December 31, 2005
Bill wrote: “But, cessationism simply isn’t taught in the bible. Sorry, but it isn’t. Not everything in the bible is clear, and some things are complex, but if you have to turn yourself inside out to make your hermeneutical point, then you need to rethink your thesis. This is exactly the same thing that those who argue for teetotalism from the bible are doing. They take a personal conviction about an issue where they see great harm being done, and force the bible to conform to their view.”
Cessationists have been around a lot longer than the modern pentecostal/charismatic movement, so I’m not sure you can say it’s a response to the harm being done by those movements, though many of its modern formulations are.
There is indeed crazy eisegesis that goes on in the name of cessationism, I agree. The way 1 Cor. 13 is often handled is out of control.
While I’d agree that there is no explicit teaching on the cessation of the miraculous gifts, I wouldn’t put it in the same camp as teetotalism, and I don’t think one has to do hermeneutical gymnastics to arrive at that position.
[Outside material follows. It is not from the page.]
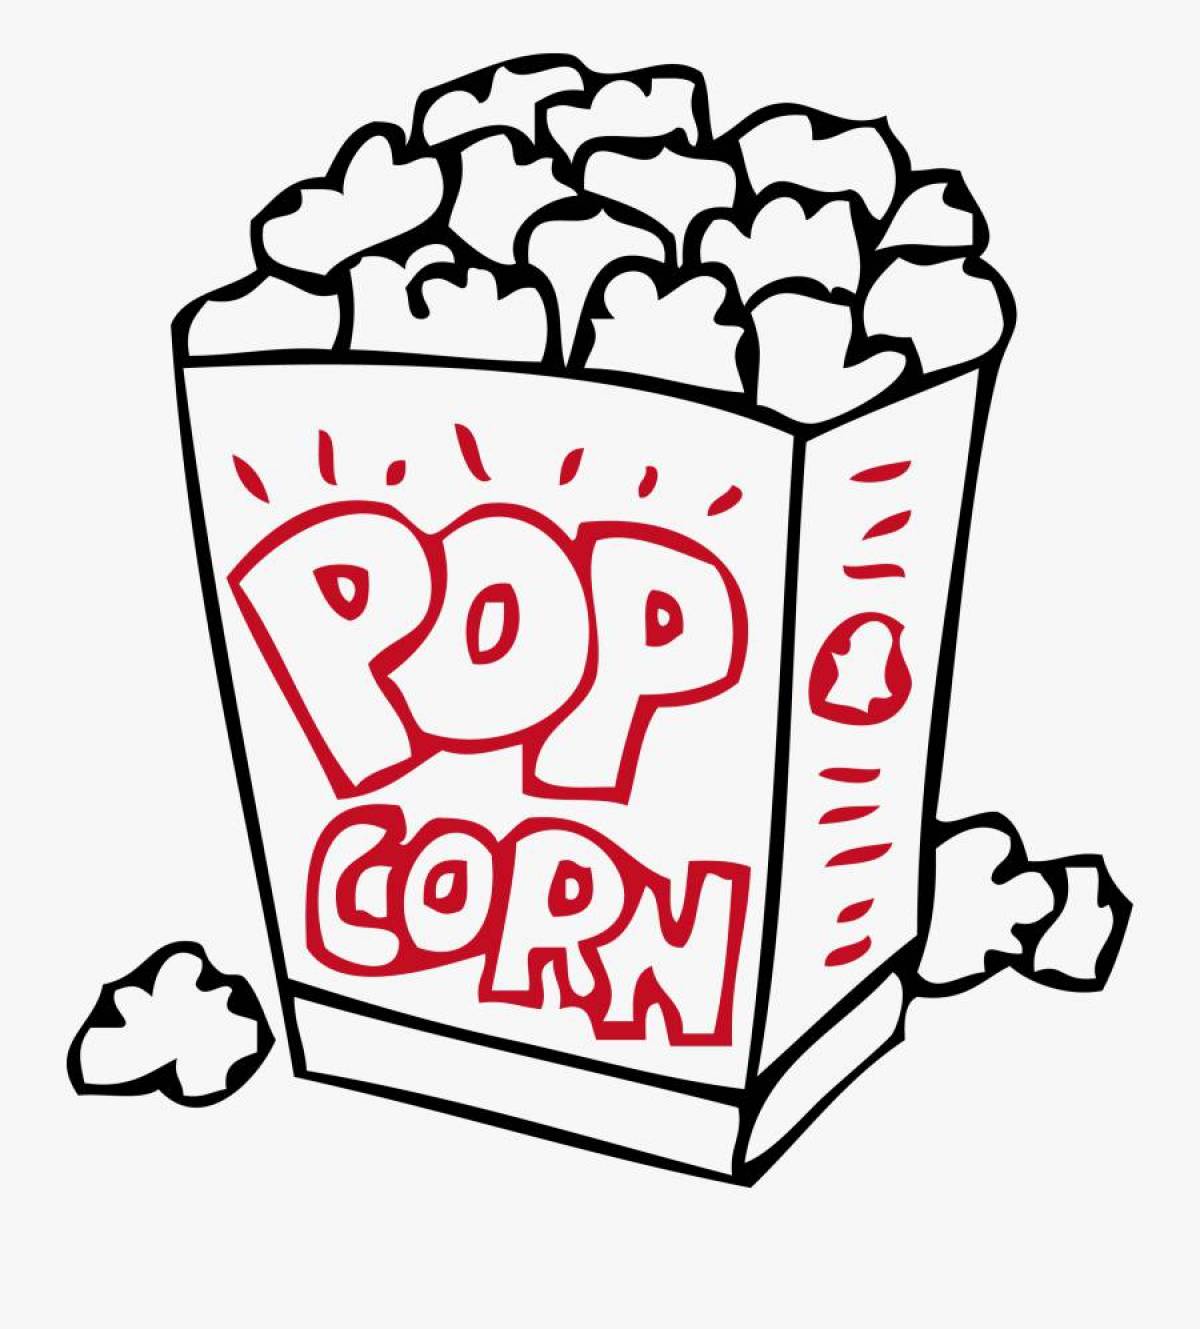 Delicious popcorn coloring page

I think Gaffin does a pretty good job of putting cessationism into a history-of-salvation framework that makes sense, and you can’t do that sort of thing with a simple legalistic moral obligation like teetotalism. (Gaffin doesn’t lean on 1 Cor. 13 to prove anything, if I recall).
And yes, I’d agree that cessationism has to do with miracle workers, not miracles themselves.
Um…am I the only cessationist in the bar?